The entries are stored in the entries attribute, in the form of a dict with input quantities as keys and entries as values. Valid keys for referencing input quantities are found in the index names tables, and the selected entries must be specified in the form of a list or a NumPy ndarray. For example, to set frequency entries 0.1, 0.5 and 0.9 for a performance map permap, you would do

>>> permap.pm.entries['freq'] = [0.1, 0.5, 0.9]

Manage the correction functions

Correction functions are the backbone of this performance map completion methodology. Some default corrections are available for you to use, but you can also use your own. Correction functions are stored in a dictionary like the entries, in the corrections attribute. However since corrections depends both on the input and output quantities of the performance map, the dictionary is more nested; it has the following form:

{
   'AFR': {
      'power': <function>,
      'capacity': <function>,
      'COP': <function>,
   },
   'freq': {
      'power': <function>,
      'capacity': <function>,
      'COP': <function>,
   },
   ...
}

For example, to get the power correction as a function of frequency, you could use permap.pm.corrections[‘freq’][‘power’] (see examples in the Permap docstring). There is also a dedicated getter method, get_correction, that would return the same correction with permap.pm.get_correction(‘freq’, ‘power’). It also allows to get all corrections associated with a specific input by omitting the second argument.

Use default corrections

Everything related to the default corrections is contained in the defaults module. For getting a specific correction, there is the function default_correction. As with the Permap.get_correction method, it returns a callable that can easily be visualized:

import numpy as np
import matplotlib.pyplot as plt
from costa.defaults import default_correction

corr = default_correction('heating', 'freq', 'power')
freq = np.linspace(0, 2, 100)
plt.plot(freq, corr(freq))
plt.xlabel("Normalized compressor frequency")
plt.ylabel("Heat pump power correction")
../_images/extend-1.png

You can also get all the corrections associated with a certain mode arranged in a dict structure as shown above, using the function build_default_corrections.

Note

As of today, there are no regressions for the air flow rate (AFR) or the indoor wet-bulb temperature (Twbr); all corrections associated with these quantities are equal to 1.

Add custom corrections

Corrections can easily be edited or added through the corrections attribute, but you may want to use the set_correction method instead. Indeed, it performs some security checks before updating the corrections dictionary, and it can also return a new instance instead of modifying the performance table in-place (see inplace argument.).

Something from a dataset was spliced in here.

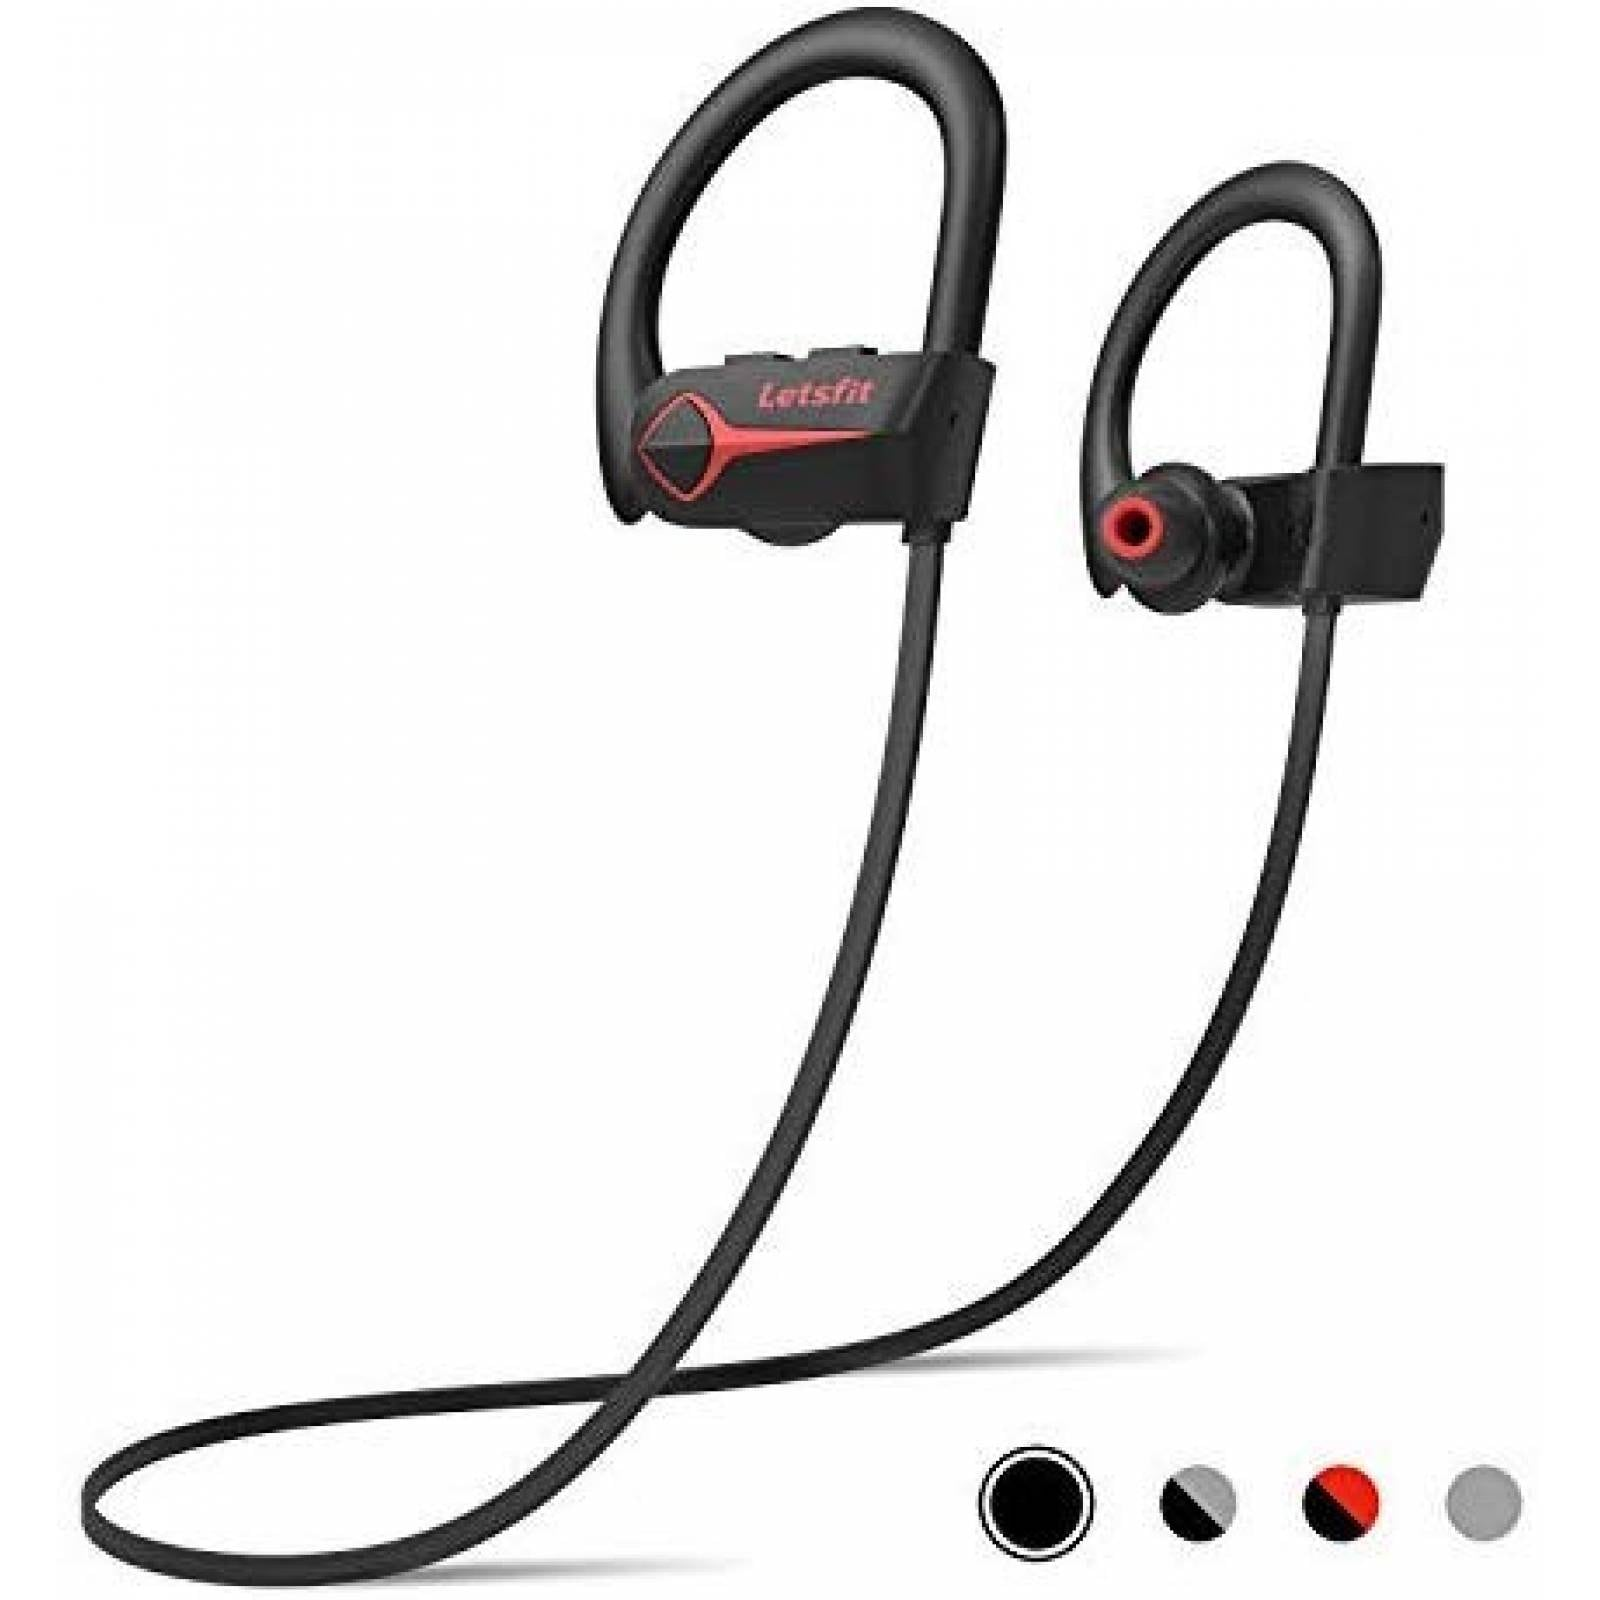 Audífonos Inalámbrico Letsfit Estéreo HiFi Contragaua -Negro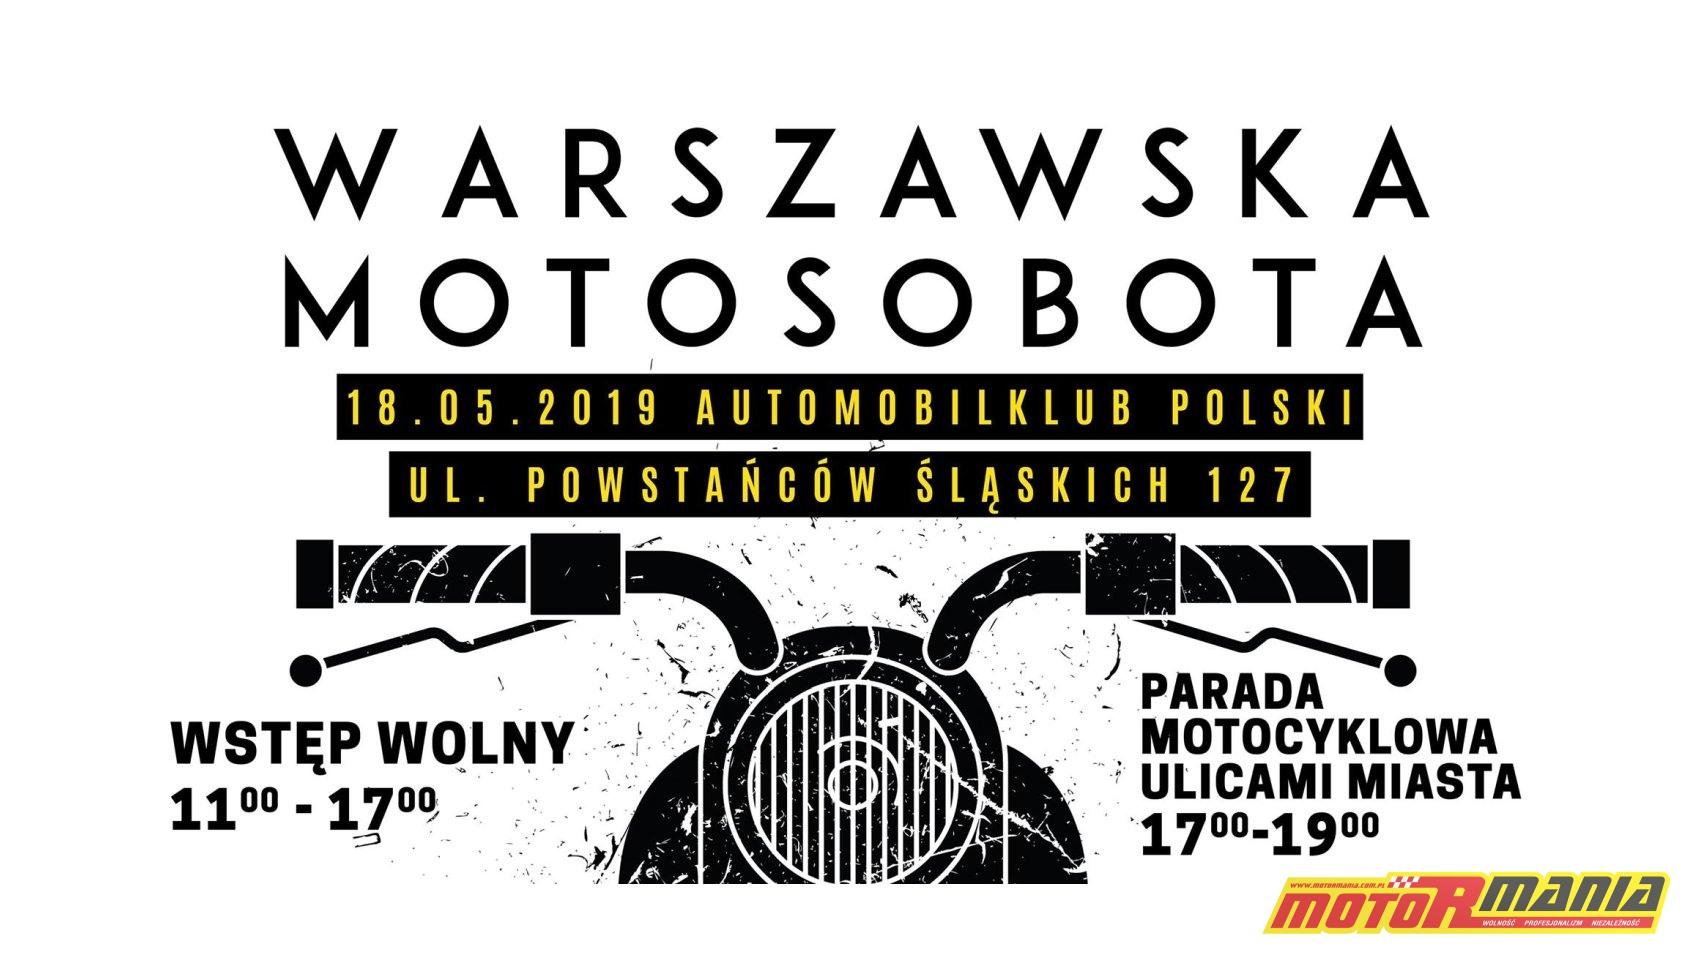 Warszawska Motosobota 2019

There is also the set_corrections method, which allows you to specify all corrections associated with an input quantity. In addition, it automatically adds correction functions that can be deduced from the others. Indeed, since the output quantities are not independent (\(\text{COP} = \dot{Q} / P\)) you can give only two corrections out of the three and the last one will be automatically added. For example, if you have a COP and a power correction named respectively cop and power, you can do

new_corrections = {'COP': cop, 'power': power}
new_permap = permap.pm.set_corrections('freq', new_corrections)

and new_permap.pm.corrections[‘freq’] should have an entry 'capacity'.

Adjust the initial normalized values

By normalizing everything w.r.t. rated values, the correction functions must take the value 1 when the normalized input is 1 (i.e. for any correction function \(\varphi\), \(\varphi(1) = 1\)). But performance tables are not always provided at rated values. For example, it may happen that a spec sheet provide performance values at the maximum frequency \(f_\text{max}\), while the rated frequency \(f_\text{r}\) is only half of \(f_\text{max}\). In that case, the normalized frequency \(\nu = f / f_\text{r}\) would range from 0 to 2, and the initial performance data would be given at \(\nu = 2\). Since \(\varphi(2) \neq 1\), one cannot just multiply the performance map by \(\varphi(\nu)\) to extend it; we have to make sure that values are preserved at \(\nu = 2\). Thus, we must adjust the correction and instead multiply by \(\varphi(\nu) / \varphi(2)\).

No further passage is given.